Istana Hargai Langkah SBY
Istana Kepresidenan melalui Sekretaris Kabinet Pramono Anung menghargai langkah mantan Presiden Susilo Bambang Yudhoyono terkait dokumen Tim Pencari Fakta (TPF) kematian aktivis HAM Munir.
"Pemerintah dalam hal ini memberikan apreasi atas apa yang sudah disampaikan Pak SBY maupun Pak Sudi (Silalahi) secara terbuka," kata Pramono Anung di Kompleks Istana Kepresidenan Jakarta, hari Rabu (26/10).
Kenyataan bahwa dokumen asli tersebut ternyata belum ditemukan sampai hari Rabu, Presiden Jokowi sudah menugaskan Jaksa Agung M Praetyo untuk menelusuri keberadaannya.
Dari penelusuran Jaksa Agung itu diharapkan ditemukan titik terang.
"Menjadi jelas tanpa harus menyalahkan siapa pun sehingga dengan demikian Presiden sudah menugaskan Jaksa Agung untuk menelusuri, mencari, dan mendapatkan dokumen aslinya," katanya.
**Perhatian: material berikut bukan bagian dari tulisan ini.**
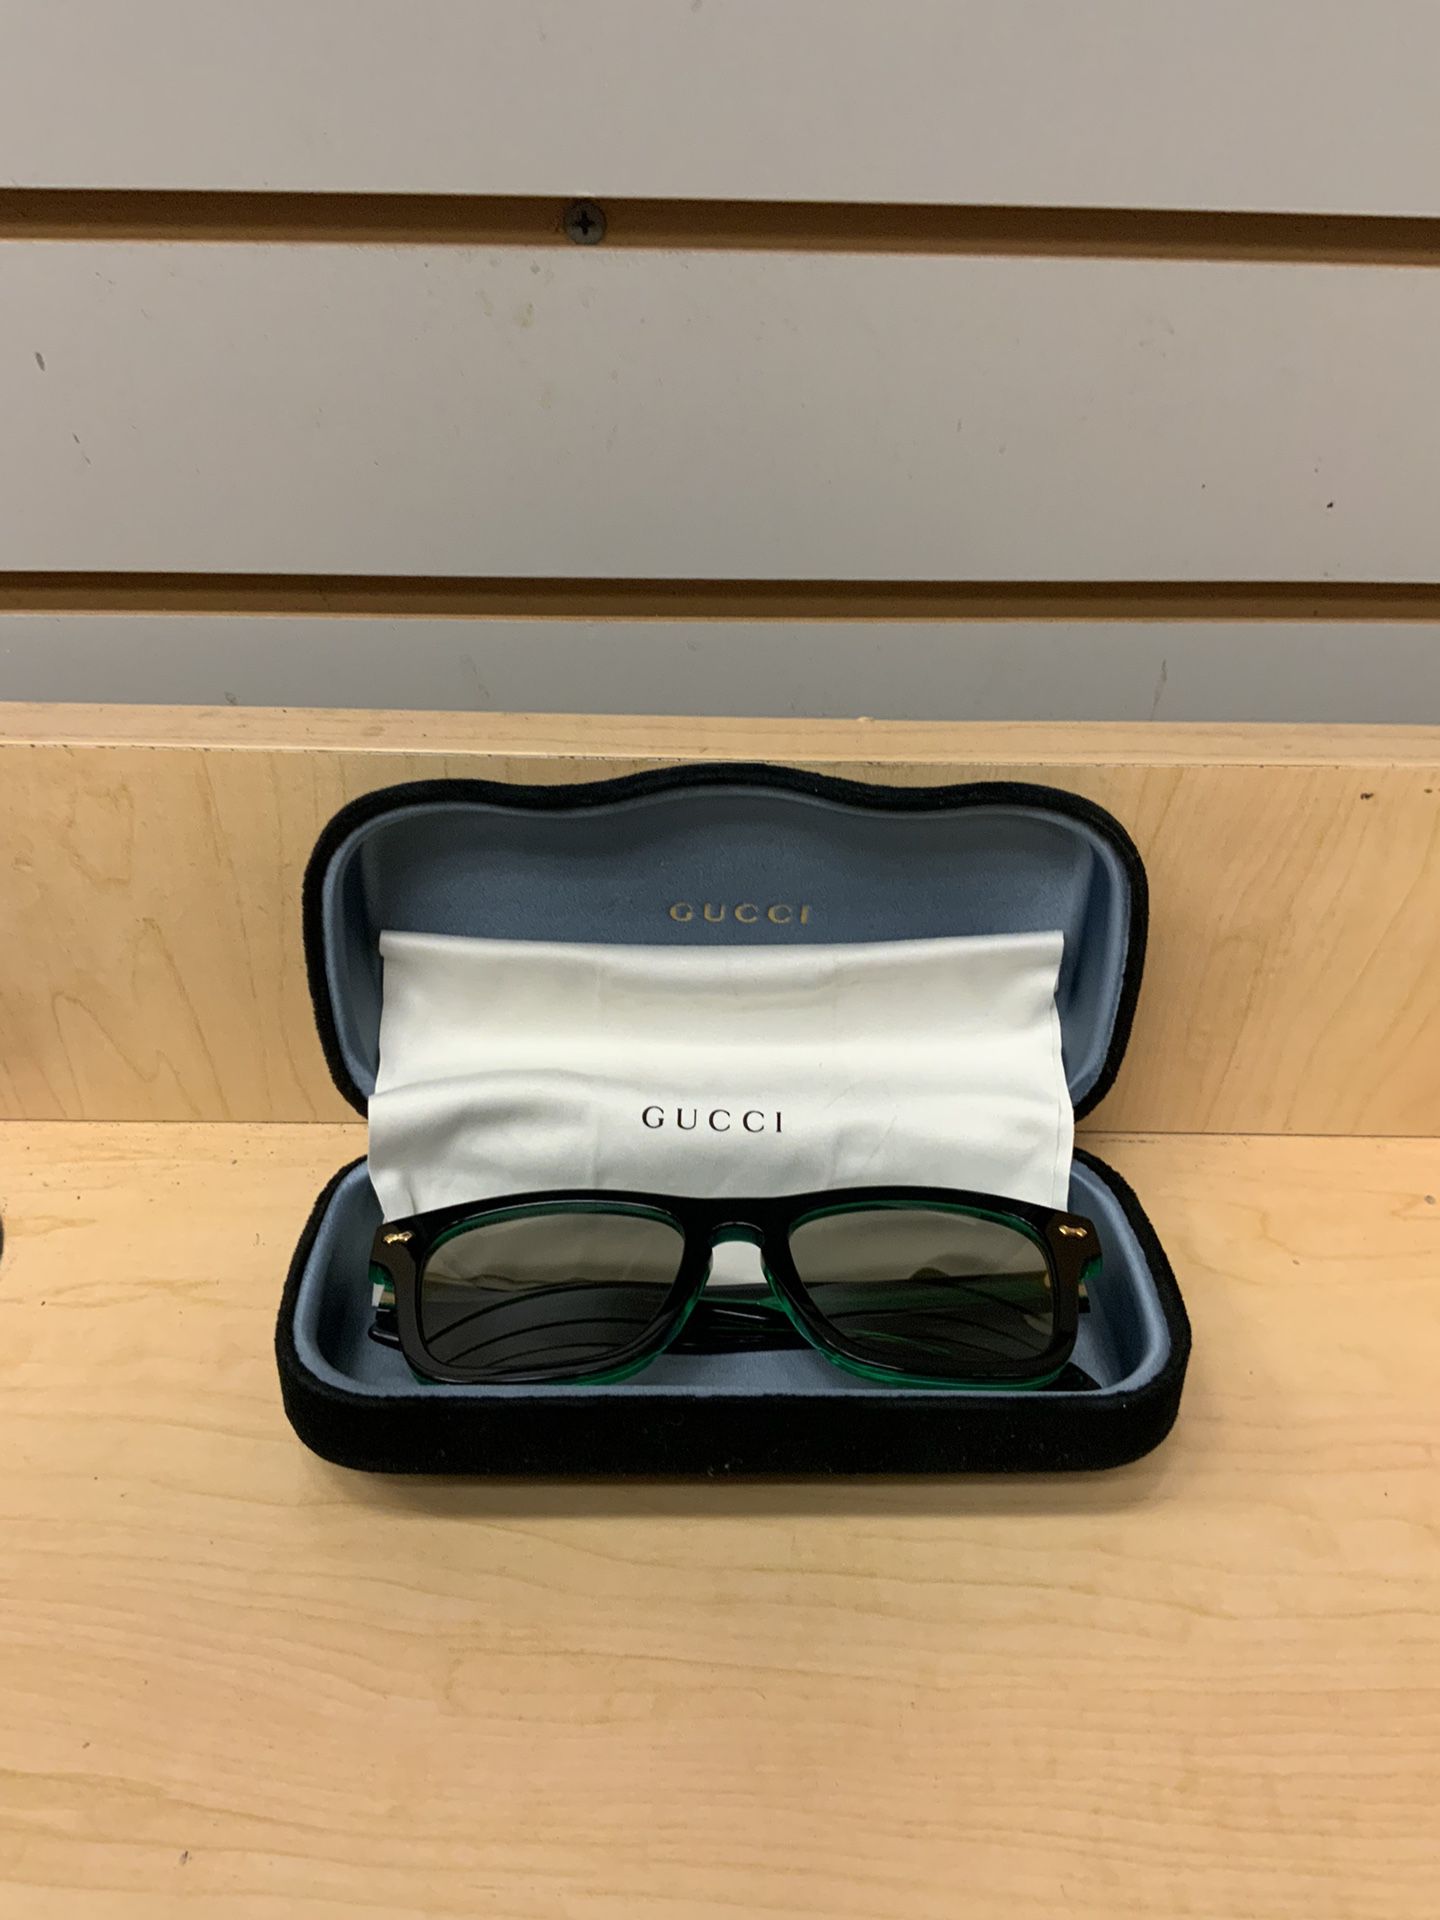 Gucci GG 0735S 001 Men's square rectangle Sunglasses Black / Green Made In Italy ( Case Included )

Sebagaimana telah disampaikan SBY maupun Sudi Silalahi, sejatinya isi dokumen tersebut sudah menjadi konsumsi publik secara terbuka.
Dengan begitu, semua pihak sudah mengetahui pada posisi yang sebenarnya sehingga menurut Pramono, tidak perlu untuk menyalahkan siapa pun dalam persoalan ini.
"Kami meyakini (salinan dokumen itu), karena teman-teman di TPF ini juga masih ada semua sehingga dengan demikian mungkin secara formal bisa direkonstruksi kembali untuk mendapatkan hal itu, yang pentingkan itu menjadi dokumen yang sah," katanya.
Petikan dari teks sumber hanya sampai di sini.